Provided data:
━━━━━━━━━━━━━━━━━━━━━━━━━━━━━━

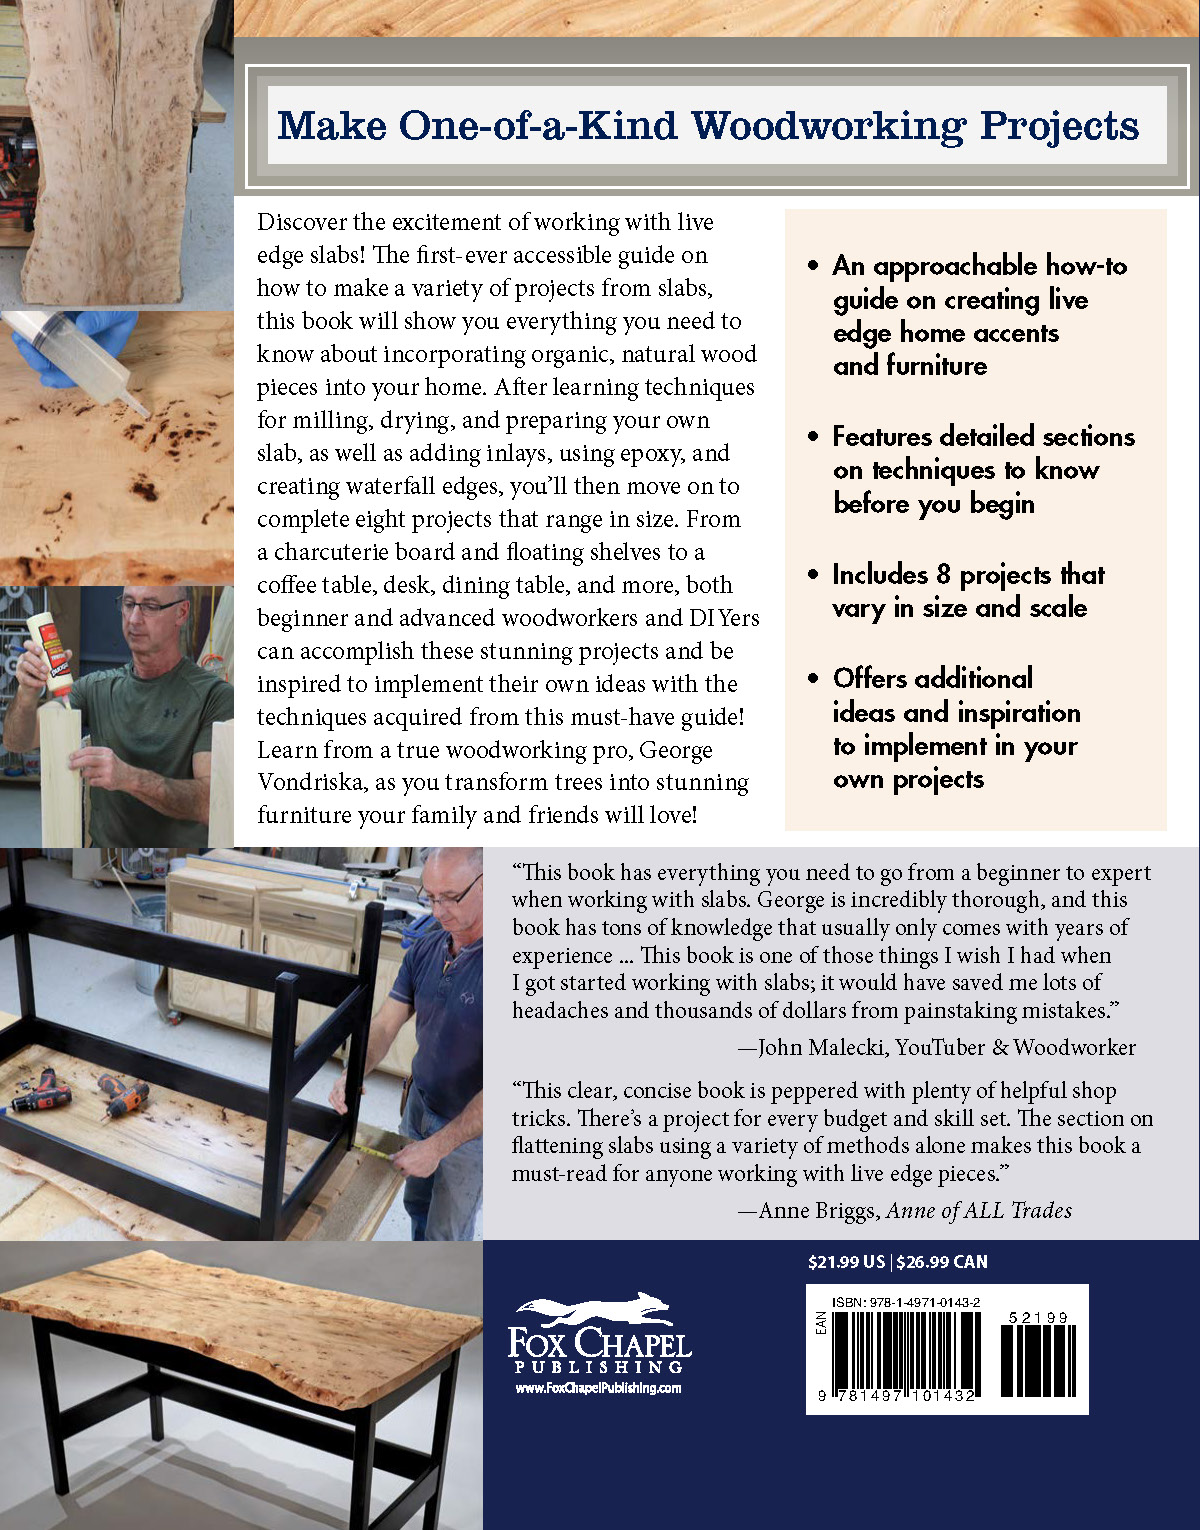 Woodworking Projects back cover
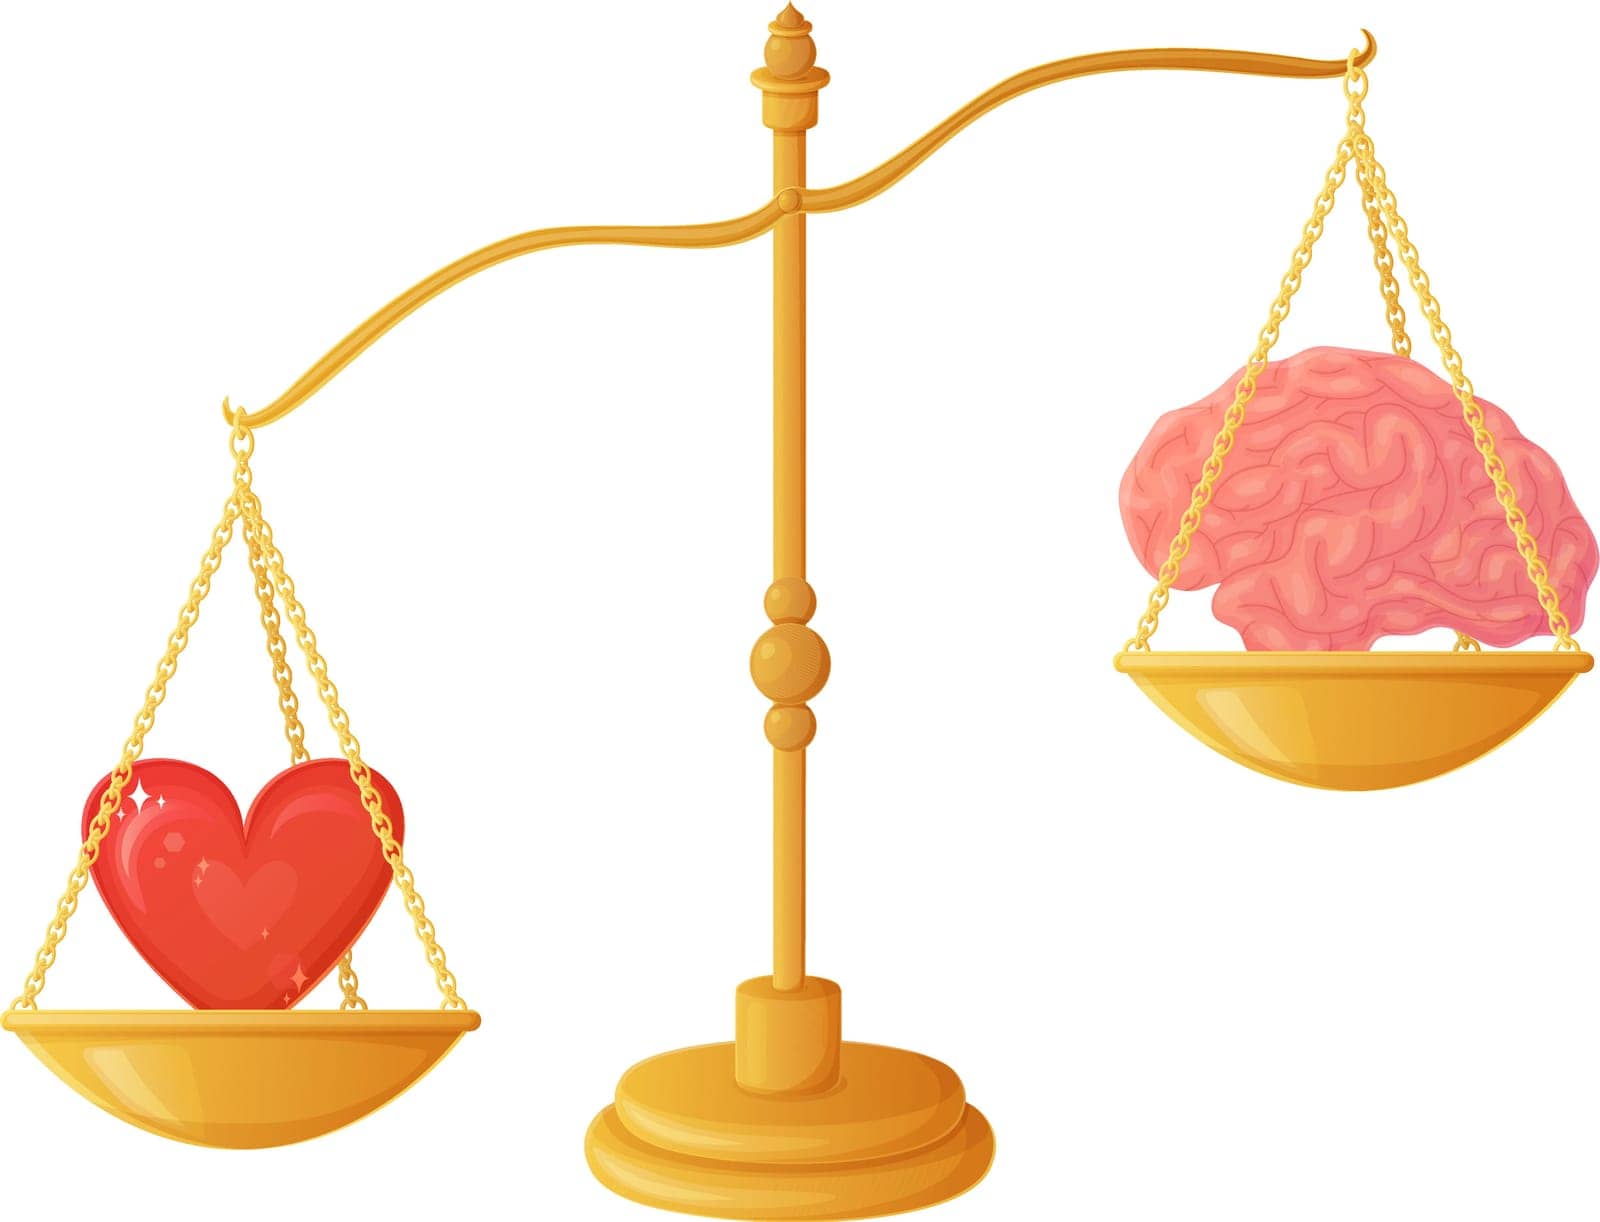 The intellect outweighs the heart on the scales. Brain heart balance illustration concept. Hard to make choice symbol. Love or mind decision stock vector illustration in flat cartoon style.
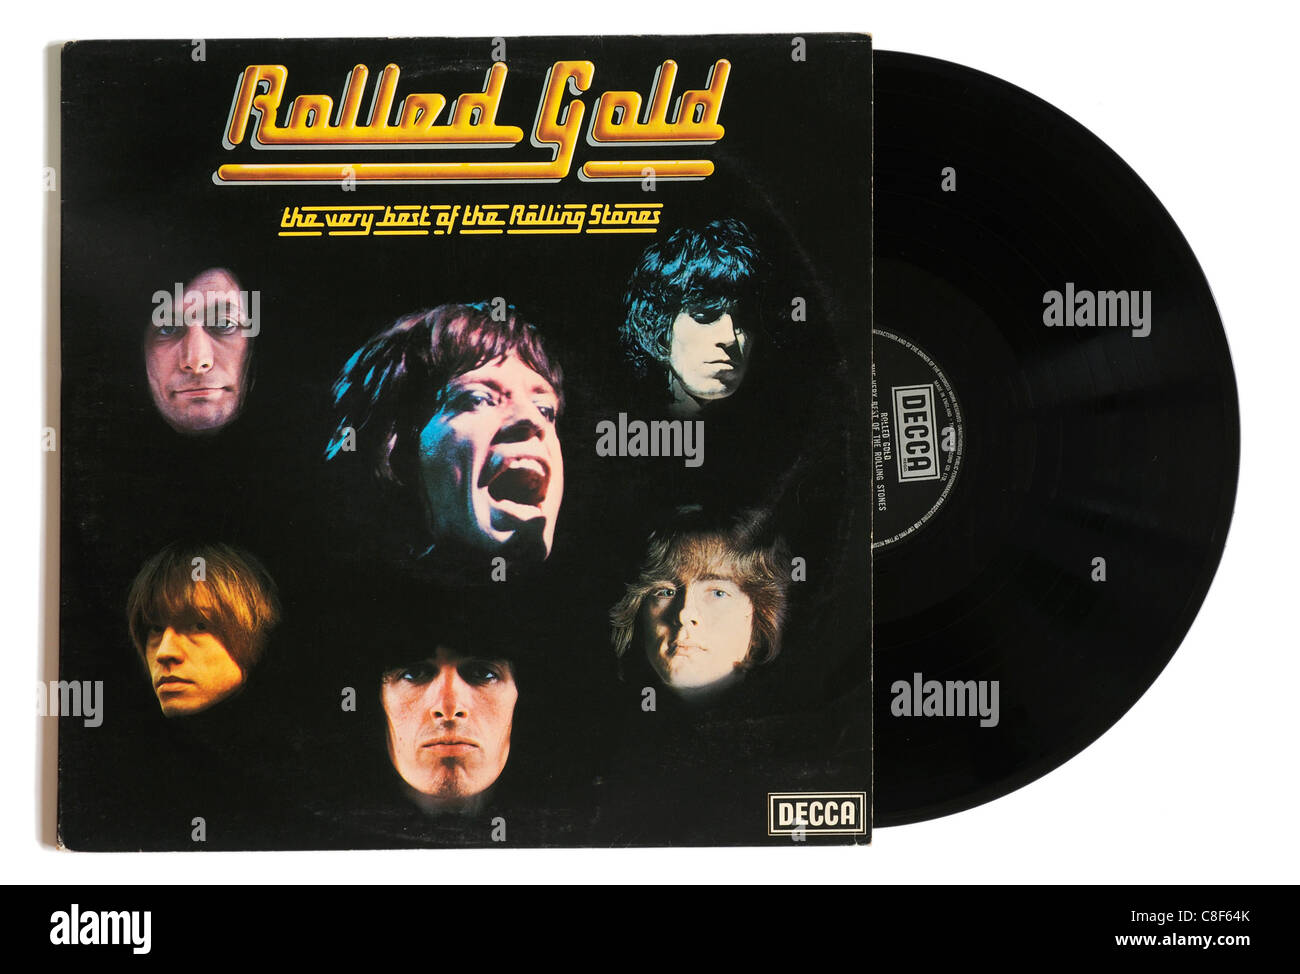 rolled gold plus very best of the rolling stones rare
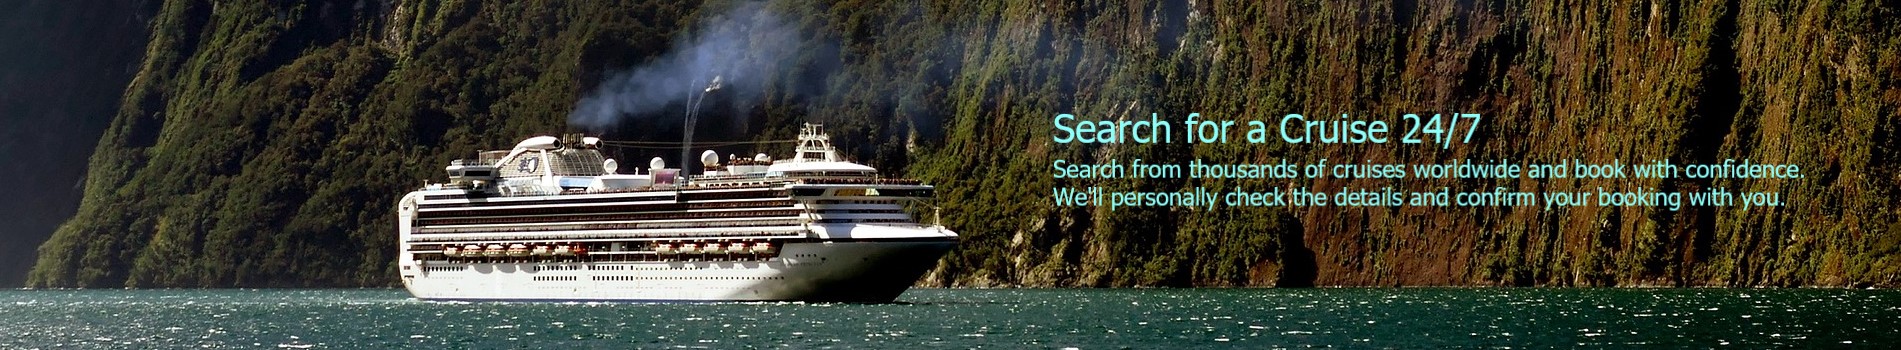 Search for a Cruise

━━━━━━━━━━━━━━━━━━━━━━━━━━━━━━

Transcribe only the lines from the line holding "rolled gold plus" to the final line of the listing above. Keep them exact, include both ends, and skip the pictures.

Answer to the problem:
 rolled gold plus very best of the rolling stones rare
 Search for a Cruise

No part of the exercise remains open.